Professors who become housemasters add more work to an already demanding professional life. Smith says some of his colleagues think he is “totally nuts.” But he delights in witnessing the students’ transformation during their four years at MIT. “It lets you see a different side of students,” he says. “I’ve become a better teacher because of it. I know how the students prioritize their time and how they think about things.”

Robert Randolph, chaplain to the Institute and housemaster of Bexley Hall, gets a similar reaction when he tells people where he and his wife, Jan, live. “The average person on the street regards adolescents as a necessary evil,” he says. “Anyone who would choose to give up their ‘freedom’ to interact with [college students] is viewed as mentally deficient. But frankly, I think it is a wonderful way to stay younger.” Larry Anderson agrees. “The ­people we live with are mature, they’re talented, they’re going places,” he says. “And I get energy from that.”

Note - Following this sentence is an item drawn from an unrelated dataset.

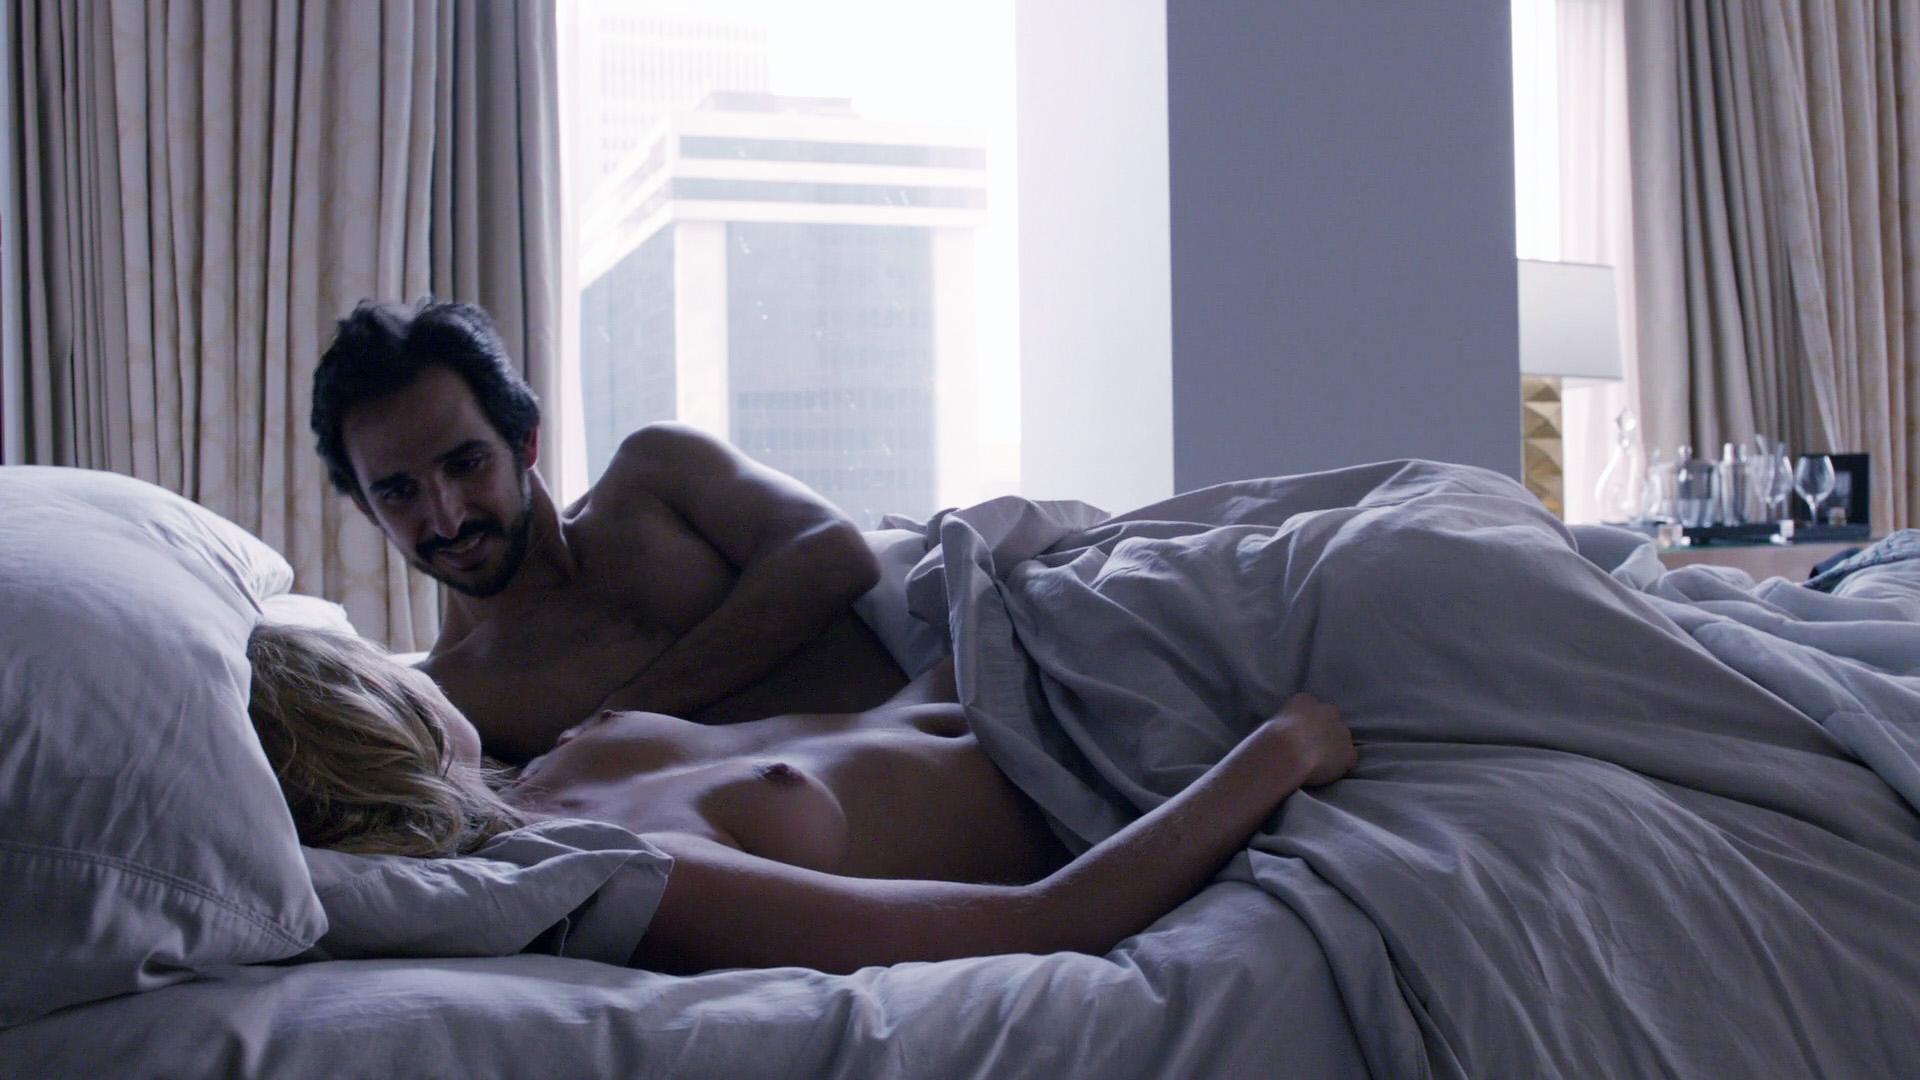 Photos of naked costa rican women

“Friending” residents on Facebook, exchanging music through iTunes, and hosting a barbecue complete with a cotton candy machine are just a few of the ways housemasters stay young. Smith and Mellquist take Burton-Conner students on a dinner-dance cruise every year–and each year, the students beg them to join in the dancing. Smith challenges the students to a dance-off, trading the latest club music for his generation’s rock. “I automatically declare myself the winner–even though last year one student was a member of the MIT Ballroom Dance Team,” he says, laughing.